Isolation of T cells and cultures
Circulating mononuclear cell fractions were isolated from blood samples by Ficoll-Hypaque density sedimentation, as already described (18), and depleted of monocytes by adhesion to plastic tissue-culture flasks coated with autologous serum (1 h, 37 °C). B lymphocytes and residual phagocytic cells were removed by absorption to a prewarmed nylon wool column (1 h, 37 °C). The resulting T cell preparations were phenotyped by flow cytometry and shown to contain <3% contaminating B or natural killer (NK) cells (19) and consisted of >96% CD3-positive cells with <1.0% surface immunoglobulin M (B cells)-, CD16 (NK cells)-, and CD14 (monocytes)-positive contaminating cells. Cell viability was >95%, as estimated by trypan blue exclusion.
Flow cytometry analysis
Freshly separated T cells (1 x 106 lymphocytes/mL) were resuspended in phosphate-buffered saline (PBS) and labeled with fluorescein isothiocyanate (FITC)conjugated anti-TCR-/ß or with anti-CD28 antibodies (Becton Dickinson, Montreal, Canada). After being washed, the secondary antibody conjugated to FITC was added for another 30 min. T cell apoptosis was determined by FITC-conjugated Annexin-V and propidium iodide (5 µL/mL of a 50 µg/mL stock solution; Sigma-Aldrich, St Louis, MO) staining for 30 min at 4 °C in the dark. Binding buffer was added to each tube, and cells were analyzed immediately by flow cytometry (FACScalibur; Becton Dickinson, Montreal, Canada) as already described (20). Data were expressed as the percentage of Annexin positive T cells relative to propidium iodide negative T cells.
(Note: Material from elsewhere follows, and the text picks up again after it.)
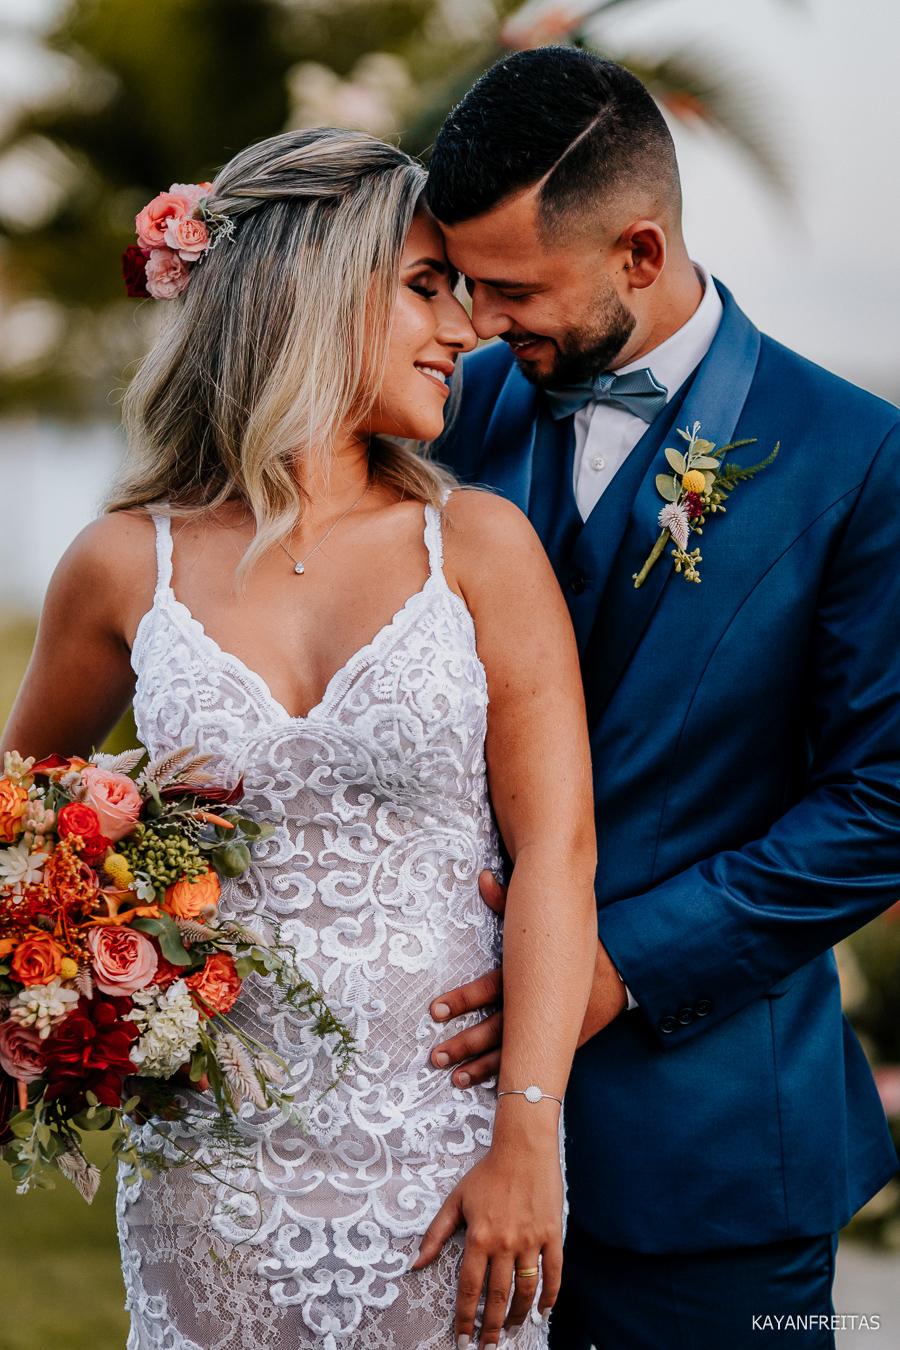 casamentodedia-lic-floripa-0103 Casamento de dia em Florianópolis - Pri e Guto

Ex vivo T cell stimulation
Freshly prepared T cells were kept for 1 h in RPMI medium at 37 °C. Peripheral blood lymphocytes (2 x 105 cells/mL) were cultured in triplicate for up to 96 h, and T cell proliferation in response to exposure to anti-CD3 mAb (Leu-4, 5 µg/mL, clone UCHT-1; Sigma-Aldrich), with or without anti-CD28 (5 µg/mL, clone 28.2; Becton Dickinson, Montreal, QC), was determined by [3H]thymidine incorporation as previously described (21). Control cells (20 x106 lymphocytes) were left untreated.
Western blotting
Proteins (20 µg) from total cell lysates were diluted in Laemmli buffer containing DL-dithiothreitol, heated in a boiling water bath for 5 min, spun for 5 min (16 000 x g), resolved by sodium dodecyl sulfate polyacrylamide gel electrophoresis under reducing conditions (10% acrylamide gels), and transferred to nitrocellulose membranes (Amersham, Baie d'Urfé, Canada). Membranes were treated for 1 h at room temperature with tris-buffered saline (20 mmol tris/L, 137 mmol NaCl/L; pH 7.6) containing 0.1% (by vol) Tween 20 and a solution of 5% (wt:vol) skim milk powder, followed by incubation with the relevant antibodies: anti-phosphotyrosine (1:1000, clone 4G10; Upstate Biotechnology, Lake Placid, NY), anti-pLAT (1:1000, Tyr 226; Upstate Biotechnology), anti-p42/44 MAPK 1/2 (1:1000; Santa Cruz Biotechnology, Santa Cruz, CA), anti-pAkt (1:500, Santa Cruz), or anti-p38 (1:2000, Santa Cruz) (19). Membranes were placed on a rotary end-over-end mixer and incubated overnight at 4 °C under constant rotary movement and then washed. The corresponding secondary antibody conjugated to horseradish peroxidase (Chemicon International, Temecula, CA) was added (1:2000) for 1 h. Membranes were then washed, and the proteins indicated enhanced chemiluminescence (Amersham). Densitometric analyses were performed with an image analyzer (Chemigenius2 Bio Imaging System; Syngene, Frederick, MD).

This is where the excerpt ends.